~Princess Shadow~
I couldn't believe he had just done that! In all of my life the only time Garrett had punched a man in front of me was when he was drunk, and even then, he hadn't punched him that hard.
"Garrett!" I yelled, jumping up and going to Marroe, who was hunched over. One hand went to his back, and the other was turning his head so I could see how much damage Garrett had done. His lip was busted, and his nose was bleeding. I felt the tears weld as I looked up at my brother, a look that seemed to ask "Why?" for me. He could tell he had hurt me just as much as he hurt Marroe, that was clear in his eyes, but he was still angry as Naela tried to keep him back. Maybe Garrett didn' get it. I loved Marroe, and if he didn't see that he loved me just as much, maybe he should open his eyes. Yes, I was 16 and carrying, but that didn't matter. As long as Marroe was there to help me each step at a time, and he would pick me up when I fell, I didn't care if I would grow ten times my size, it didn't bother me that it would hurt more than it did now.

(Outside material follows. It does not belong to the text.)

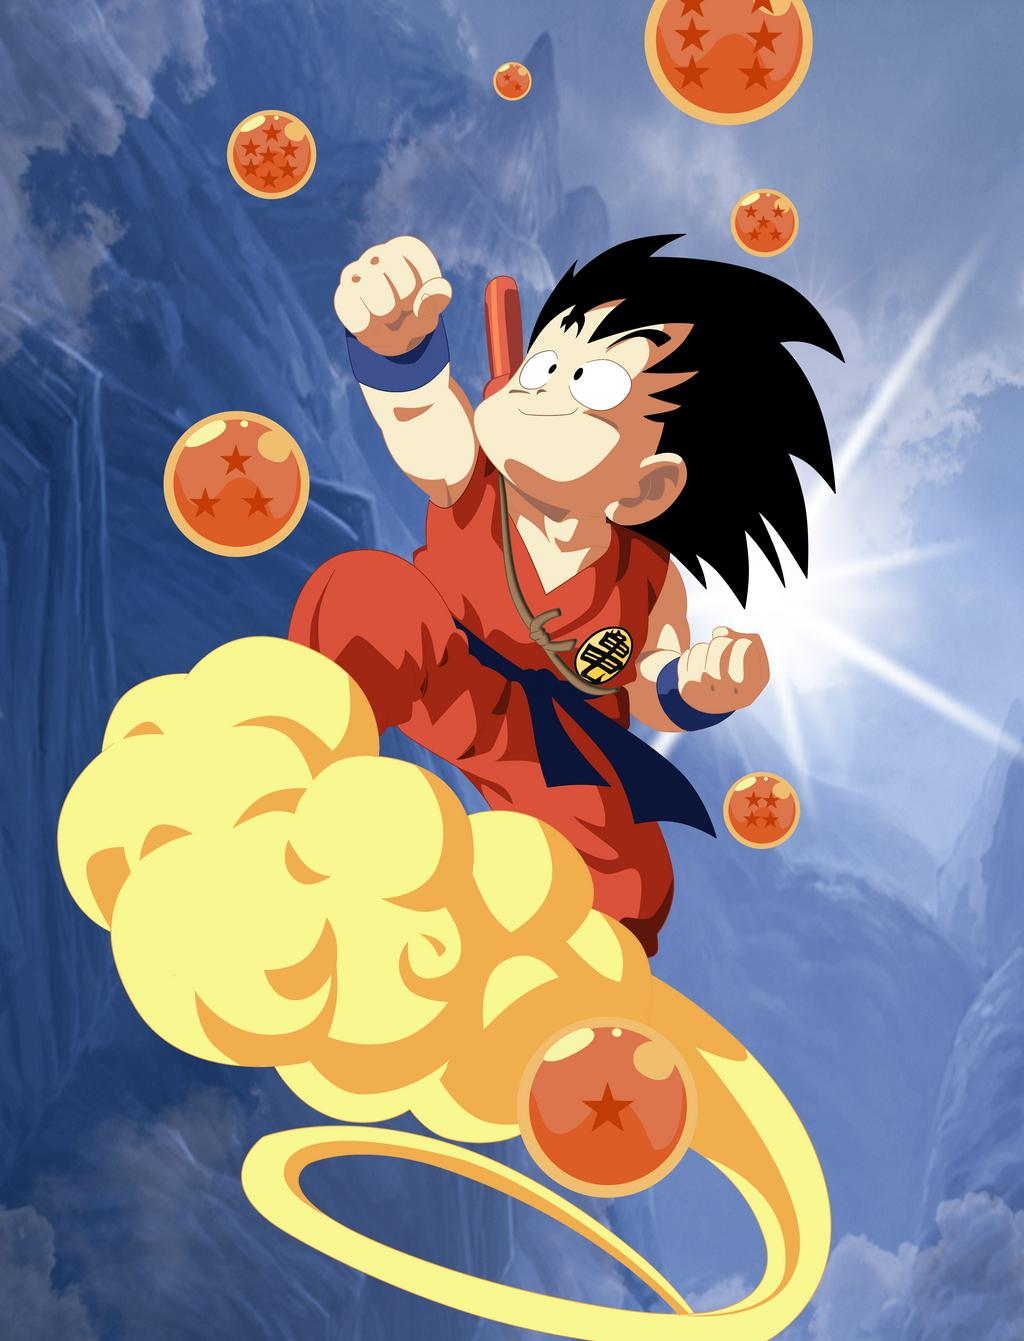 7 dragon balls and flying nimbus

I stared at Garrett, wanting to slap him for hurting my love.
"What were you thinking?" I asked voice a whisper that trembled as I stood up, still next to Marroe. I dared my brother to come hit him again. I dared him to try to hurt him again. I dared him to hit me. If he knew better--hell, if he knew me--and if he wanted to keep his arm, he wouldn't even come close to us again. "Are you crazy?" I asked, voice rising with anger, but still saking with my greif. "Answer me!" I yelled at him, coming closer. Naela looked at me with a look that told me to back away. "What the hell got into you, Garrett?! Are you just asking to die? At my hand, not his." I said, pointing at Marroe. I was going hysterical, I relised as a smile spread across my face ad tears pured over again.
I went back to Marroe, wrapping my arms around him and ignoring my stomach. I could only hope Garrett felt guilty--that would be the best thing for him now. Or, even better, if he left. I could never wish my brother dead--even after this--but leaving would be another story.
I closed my eyes, still holding Marroe and crying. "Why?" was the only thing I could ask--both to myself and to Garrett, who had been quiet, glaring at me--us. Why? I asked myself again. Why had I fallen in love? Why had I been foolish? Why had I been the one to insist? Why didn't I just hit Garrett when I had the chance? Why hadn't I ran away in the forest when I first say Marroe? I couldn't regret the last one, because I would never have been this happy in my life without him. But all I could wonder was why?